**Try it**. Quote the listing below in its entirety.

*** Input material Section Begins ***

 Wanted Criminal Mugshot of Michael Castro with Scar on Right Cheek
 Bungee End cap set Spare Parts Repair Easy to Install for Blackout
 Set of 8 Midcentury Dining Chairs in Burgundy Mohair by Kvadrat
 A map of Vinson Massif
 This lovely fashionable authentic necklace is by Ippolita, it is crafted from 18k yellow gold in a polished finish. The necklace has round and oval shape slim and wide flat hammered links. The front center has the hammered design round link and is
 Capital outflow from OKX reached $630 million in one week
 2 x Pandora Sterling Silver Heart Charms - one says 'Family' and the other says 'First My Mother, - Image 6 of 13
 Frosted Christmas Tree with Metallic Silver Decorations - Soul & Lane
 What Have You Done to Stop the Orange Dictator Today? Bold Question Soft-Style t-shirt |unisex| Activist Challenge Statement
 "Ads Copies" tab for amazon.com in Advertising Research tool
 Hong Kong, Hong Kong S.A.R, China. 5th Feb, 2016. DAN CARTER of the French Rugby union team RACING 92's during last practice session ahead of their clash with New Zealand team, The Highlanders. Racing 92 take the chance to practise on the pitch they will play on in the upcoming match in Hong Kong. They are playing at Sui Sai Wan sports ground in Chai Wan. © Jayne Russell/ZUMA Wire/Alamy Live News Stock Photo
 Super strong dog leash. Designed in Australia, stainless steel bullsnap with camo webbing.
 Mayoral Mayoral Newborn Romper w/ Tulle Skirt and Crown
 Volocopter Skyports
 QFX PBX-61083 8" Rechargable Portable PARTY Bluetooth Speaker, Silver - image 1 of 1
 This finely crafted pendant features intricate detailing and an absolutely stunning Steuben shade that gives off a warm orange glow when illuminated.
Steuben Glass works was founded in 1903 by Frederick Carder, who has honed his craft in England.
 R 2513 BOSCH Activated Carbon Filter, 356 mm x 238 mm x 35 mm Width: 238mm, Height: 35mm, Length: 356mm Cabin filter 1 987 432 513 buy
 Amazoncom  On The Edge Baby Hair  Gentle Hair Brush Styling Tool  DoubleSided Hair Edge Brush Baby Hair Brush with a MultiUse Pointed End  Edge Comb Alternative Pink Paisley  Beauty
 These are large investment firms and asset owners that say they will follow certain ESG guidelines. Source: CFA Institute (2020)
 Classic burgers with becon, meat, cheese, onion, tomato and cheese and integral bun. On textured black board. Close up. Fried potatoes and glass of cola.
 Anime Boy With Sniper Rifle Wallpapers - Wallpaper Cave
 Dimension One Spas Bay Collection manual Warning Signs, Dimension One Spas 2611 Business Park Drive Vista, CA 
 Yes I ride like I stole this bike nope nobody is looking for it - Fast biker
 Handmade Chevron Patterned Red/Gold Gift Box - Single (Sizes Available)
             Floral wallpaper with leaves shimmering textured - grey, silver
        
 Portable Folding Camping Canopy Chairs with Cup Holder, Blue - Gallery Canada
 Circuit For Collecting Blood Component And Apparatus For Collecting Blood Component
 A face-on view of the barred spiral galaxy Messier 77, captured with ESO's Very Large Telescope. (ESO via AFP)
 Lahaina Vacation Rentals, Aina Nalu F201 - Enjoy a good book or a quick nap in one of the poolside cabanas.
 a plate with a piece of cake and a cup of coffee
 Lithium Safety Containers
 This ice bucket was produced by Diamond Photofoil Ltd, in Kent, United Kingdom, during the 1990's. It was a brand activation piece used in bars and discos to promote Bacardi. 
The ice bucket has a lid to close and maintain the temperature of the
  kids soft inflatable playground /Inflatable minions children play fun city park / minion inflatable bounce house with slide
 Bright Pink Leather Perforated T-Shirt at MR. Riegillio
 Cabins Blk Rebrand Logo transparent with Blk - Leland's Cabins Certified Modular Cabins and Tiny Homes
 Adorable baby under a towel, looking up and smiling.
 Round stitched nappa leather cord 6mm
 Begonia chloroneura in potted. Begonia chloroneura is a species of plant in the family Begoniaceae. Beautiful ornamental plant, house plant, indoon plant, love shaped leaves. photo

*** Input material Section Ends ***

**Solution to this exercise**.
 Wanted Criminal Mugshot of Michael Castro with Scar on Right Cheek
 Bungee End cap set Spare Parts Repair Easy to Install for Blackout
 Set of 8 Midcentury Dining Chairs in Burgundy Mohair by Kvadrat
 A map of Vinson Massif
 This lovely fashionable authentic necklace is by Ippolita, it is crafted from 18k yellow gold in a polished finish. The necklace has round and oval shape slim and wide flat hammered links. The front center has the hammered design round link and is
 Capital outflow from OKX reached $630 million in one week
 2 x Pandora Sterling Silver Heart Charms - one says 'Family' and the other says 'First My Mother, - Image 6 of 13
 Frosted Christmas Tree with Metallic Silver Decorations - Soul & Lane
 What Have You Done to Stop the Orange Dictator Today? Bold Question Soft-Style t-shirt |unisex| Activist Challenge Statement
 "Ads Copies" tab for amazon.com in Advertising Research tool
 Hong Kong, Hong Kong S.A.R, China. 5th Feb, 2016. DAN CARTER of the French Rugby union team RACING 92's during last practice session ahead of their clash with New Zealand team, The Highlanders. Racing 92 take the chance to practise on the pitch they will play on in the upcoming match in Hong Kong. They are playing at Sui Sai Wan sports ground in Chai Wan. © Jayne Russell/ZUMA Wire/Alamy Live News Stock Photo
 Super strong dog leash. Designed in Australia, stainless steel bullsnap with camo webbing.
 Mayoral Mayoral Newborn Romper w/ Tulle Skirt and Crown
 Volocopter Skyports
 QFX PBX-61083 8" Rechargable Portable PARTY Bluetooth Speaker, Silver - image 1 of 1
 This finely crafted pendant features intricate detailing and an absolutely stunning Steuben shade that gives off a warm orange glow when illuminated.
Steuben Glass works was founded in 1903 by Frederick Carder, who has honed his craft in England.
 R 2513 BOSCH Activated Carbon Filter, 356 mm x 238 mm x 35 mm Width: 238mm, Height: 35mm, Length: 356mm Cabin filter 1 987 432 513 buy
 Amazoncom  On The Edge Baby Hair  Gentle Hair Brush Styling Tool  DoubleSided Hair Edge Brush Baby Hair Brush with a MultiUse Pointed End  Edge Comb Alternative Pink Paisley  Beauty
 These are large investment firms and asset owners that say they will follow certain ESG guidelines. Source: CFA Institute (2020)
 Classic burgers with becon, meat, cheese, onion, tomato and cheese and integral bun. On textured black board. Close up. Fried potatoes and glass of cola.
 Anime Boy With Sniper Rifle Wallpapers - Wallpaper Cave
 Dimension One Spas Bay Collection manual Warning Signs, Dimension One Spas 2611 Business Park Drive Vista, CA 
 Yes I ride like I stole this bike nope nobody is looking for it - Fast biker
 Handmade Chevron Patterned Red/Gold Gift Box - Single (Sizes Available)
             Floral wallpaper with leaves shimmering textured - grey, silver
        
 Portable Folding Camping Canopy Chairs with Cup Holder, Blue - Gallery Canada
 Circuit For Collecting Blood Component And Apparatus For Collecting Blood Component
 A face-on view of the barred spiral galaxy Messier 77, captured with ESO's Very Large Telescope. (ESO via AFP)
 Lahaina Vacation Rentals, Aina Nalu F201 - Enjoy a good book or a quick nap in one of the poolside cabanas.
 a plate with a piece of cake and a cup of coffee
 Lithium Safety Containers
 This ice bucket was produced by Diamond Photofoil Ltd, in Kent, United Kingdom, during the 1990's. It was a brand activation piece used in bars and discos to promote Bacardi. 
The ice bucket has a lid to close and maintain the temperature of the
  kids soft inflatable playground /Inflatable minions children play fun city park / minion inflatable bounce house with slide
 Bright Pink Leather Perforated T-Shirt at MR. Riegillio
 Cabins Blk Rebrand Logo transparent with Blk - Leland's Cabins Certified Modular Cabins and Tiny Homes
 Adorable baby under a towel, looking up and smiling.
 Round stitched nappa leather cord 6mm
 Begonia chloroneura in potted. Begonia chloroneura is a species of plant in the family Begoniaceae. Beautiful ornamental plant, house plant, indoon plant, love shaped leaves. photo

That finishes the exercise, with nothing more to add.